Background
Forest inventories have always been a primary information source concerning the forest ecosystem state. Various applied survey approaches arise from the numerous important factors during sampling scheme planning. Paramount aspects include the survey goal and scale, target population inherent variation and patterns, and available resources. The last factor commonly inhibits the goal, and compromises have to be made. Airborne laser scanning (ALS) has been intensively tested as a cost-effective option for forest inventories. Despite existing foundations, research has provided disparate results. Environmental conditions are one of the factors greatly influencing inventory performance. Therefore, a need for site-related sampling optimization is well founded. Moreover, as stands are the basic operational unit of managed forest holdings, few related studies have presented stand-level results. As such, herein, we tested the sampling intensity influence on the performance of the ALS-enhanced stand-level inventory.
Results
Distributions of possible errors were plotted by comparing ALS model estimates, with reference values derived from field surveys of 3300 sample plots and more than 300 control stands located in 5 forest districts.
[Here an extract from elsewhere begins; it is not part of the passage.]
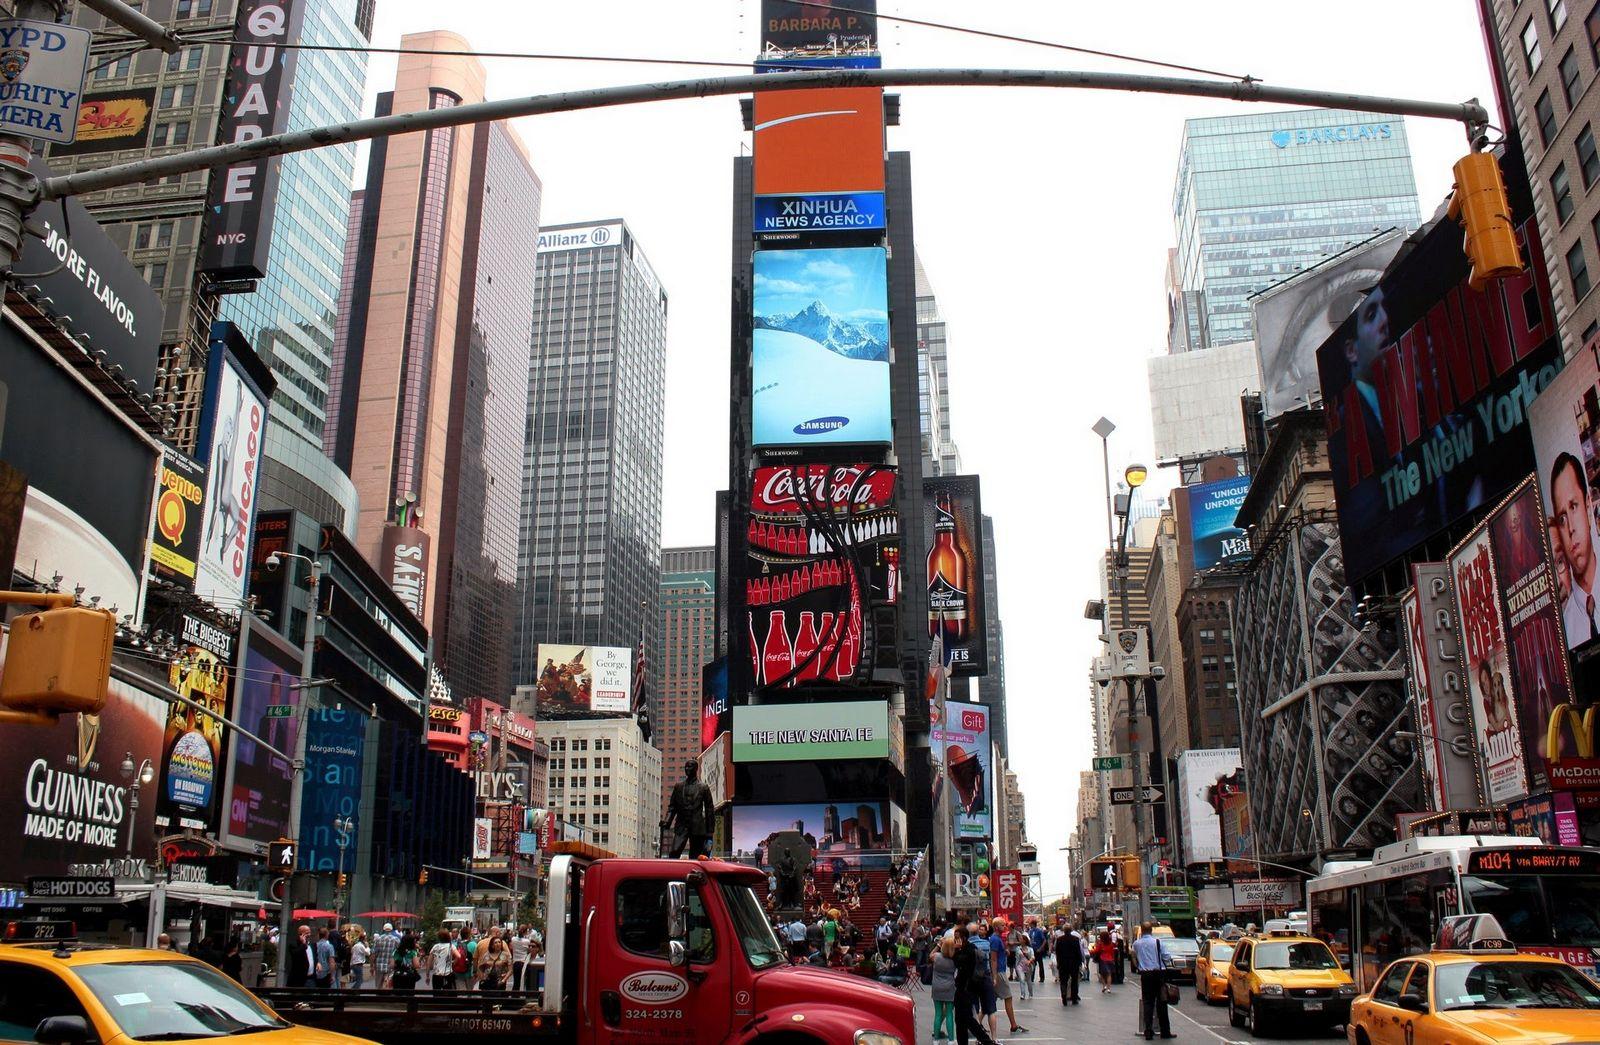 El anuncio de Coca-Cola, otra seña de Times Square

No improvement in results was observed due to the scanning density. The variance in obtained errors stabilized in the interval of 200–300 sample plots, maintaining the bias within +/− 5% and the precision above 80%. The sample plot area affected scores mostly when transitioning from 100 to 200 m2. Only a slight gain was observed when bigger plots were used.
Conclusions
ALS-enhanced inventories effectively address the demand for comprehensive and detailed information on the structure of single stands over vast areas. Knowledge of the relation between the sampling intensity and accuracy of ALS estimates allows the determination of certain sampling intensity thresholds. This should be useful when matching the required sample size and accuracy with available resources. Site optimization may be necessary, as certain errors may occur due to the sampling scheme, estimator type or forest site, making these factors worth further consideration.